### SOURCE MATERIAL
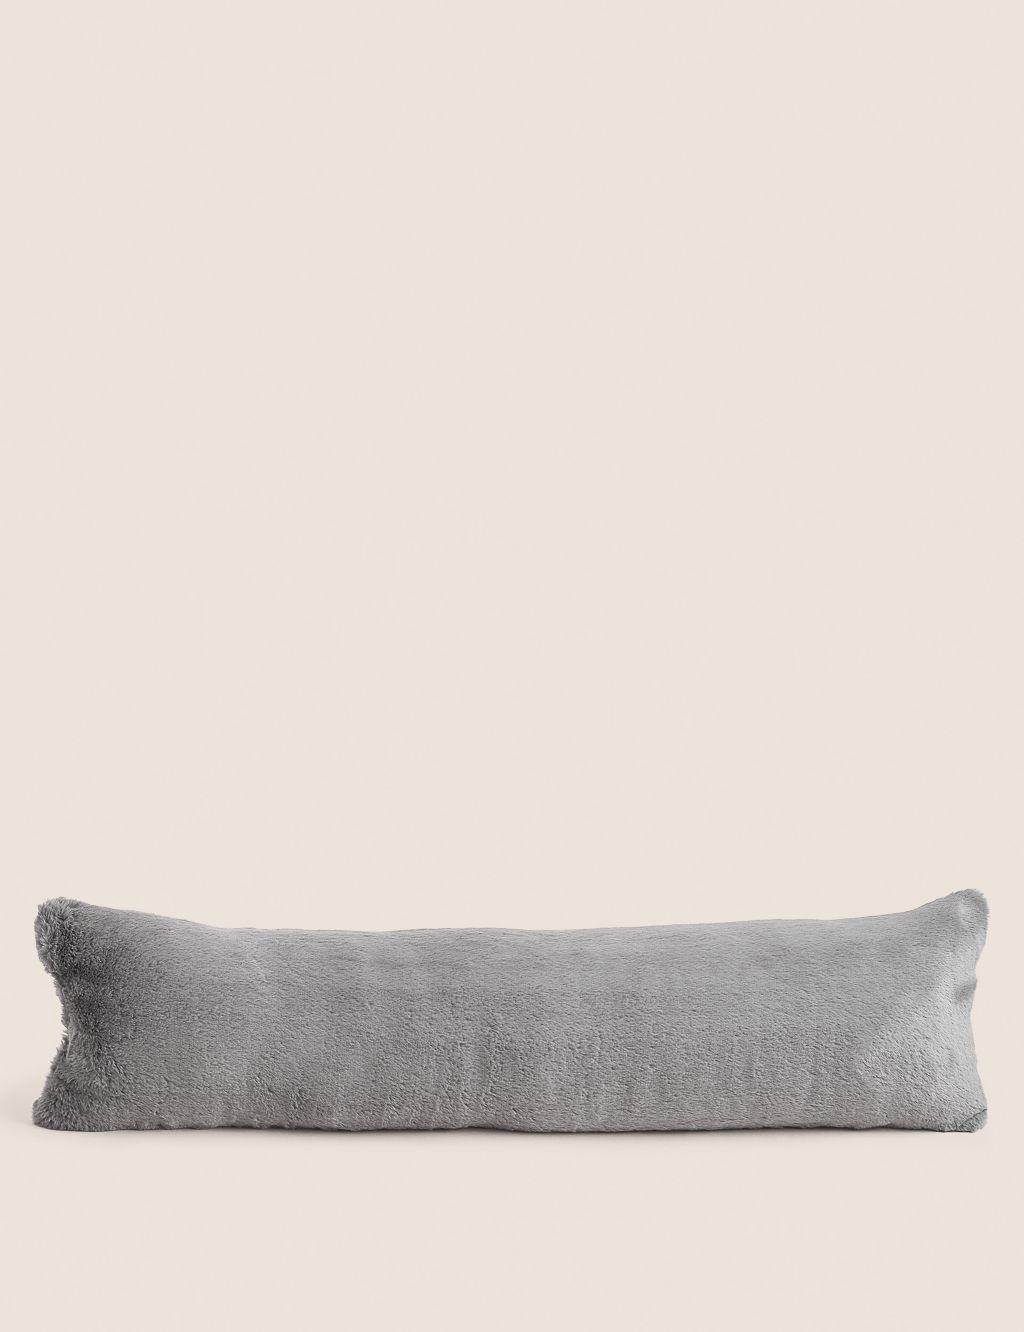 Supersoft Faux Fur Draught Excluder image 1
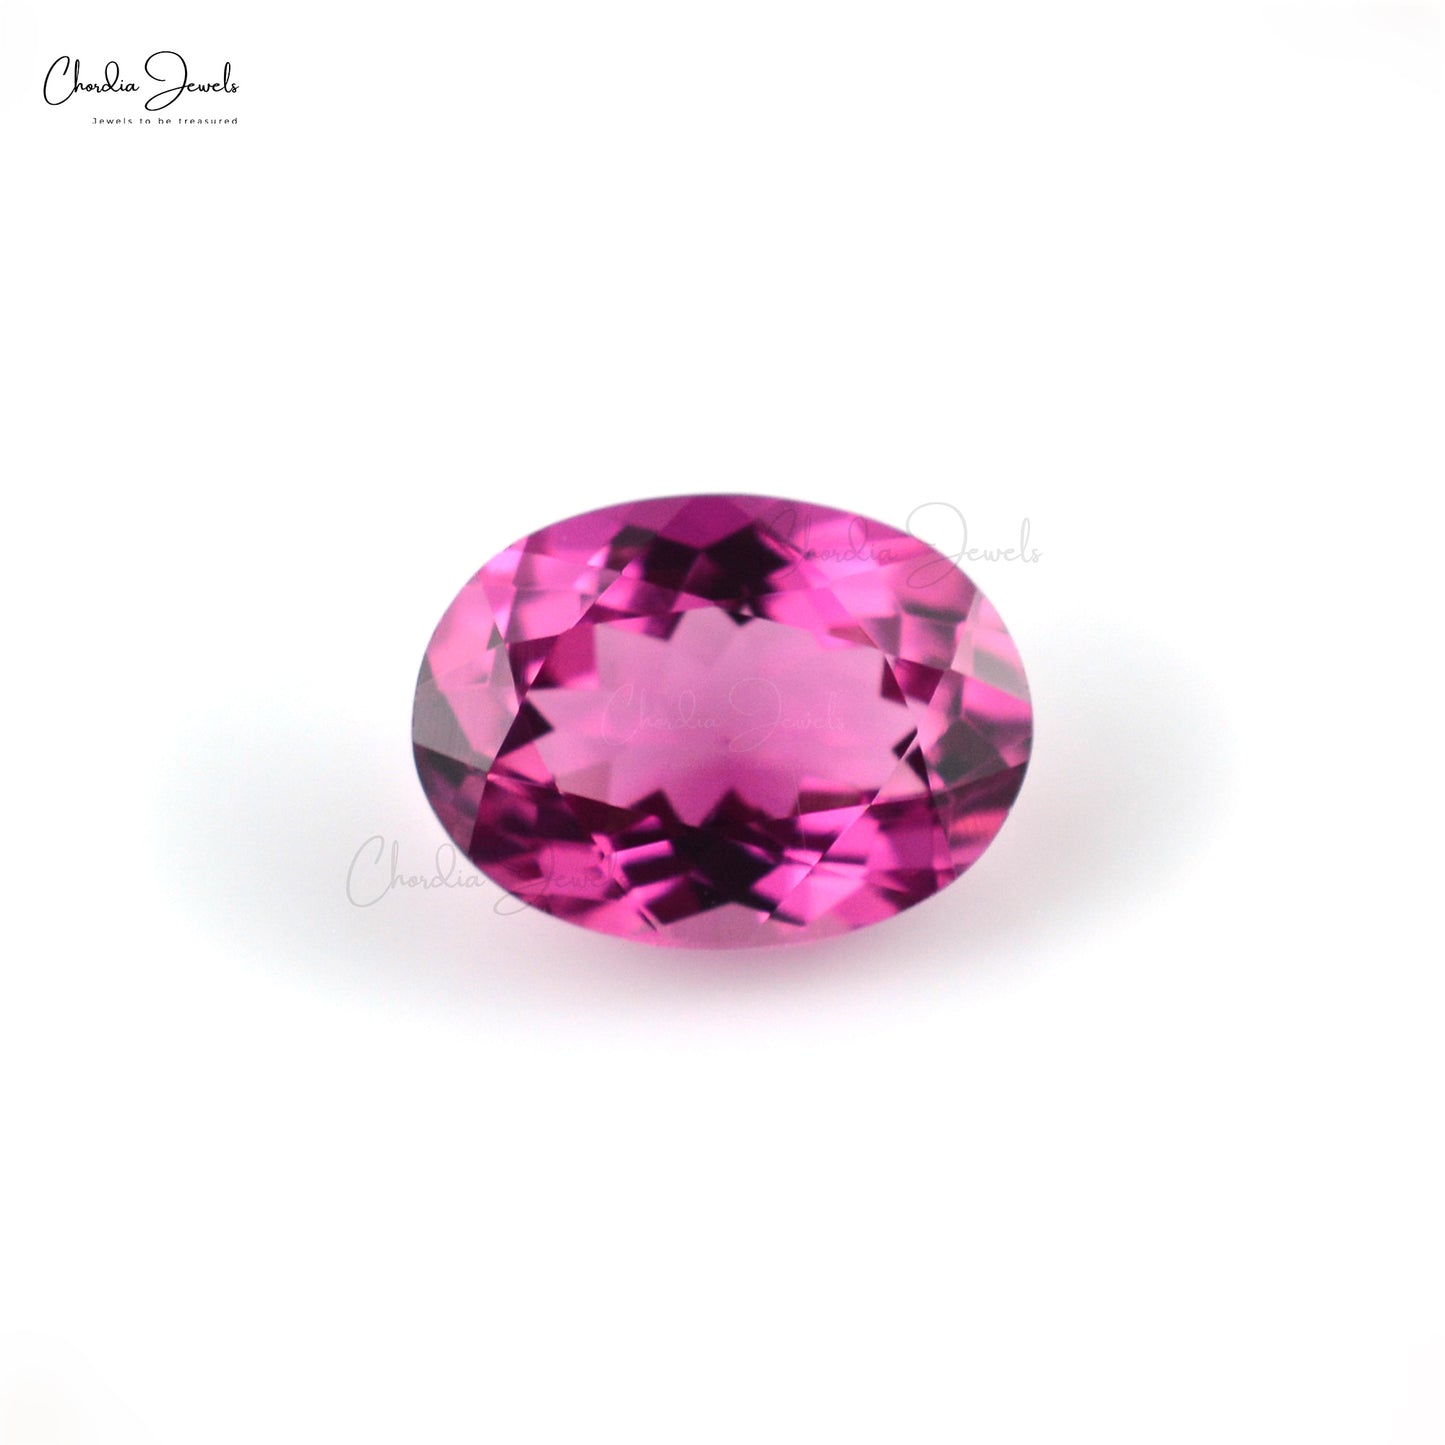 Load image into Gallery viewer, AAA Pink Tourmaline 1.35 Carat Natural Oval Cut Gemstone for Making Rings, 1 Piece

---

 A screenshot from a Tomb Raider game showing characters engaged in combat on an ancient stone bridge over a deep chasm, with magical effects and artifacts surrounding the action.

### WHAT YOU SHOULD DO
Repeat exactly the lines above, from the line that contains "Supersoft Faux Fur Draught Excluder image 1" down through the line that contains "Load image into". Include both of those lines and none of the pictures.

### RESPONSE AREA
 Supersoft Faux Fur Draught Excluder image 1
 Load image into Gallery viewer, AAA Pink Tourmaline 1.35 Carat Natural Oval Cut Gemstone for Making Rings, 1 Piece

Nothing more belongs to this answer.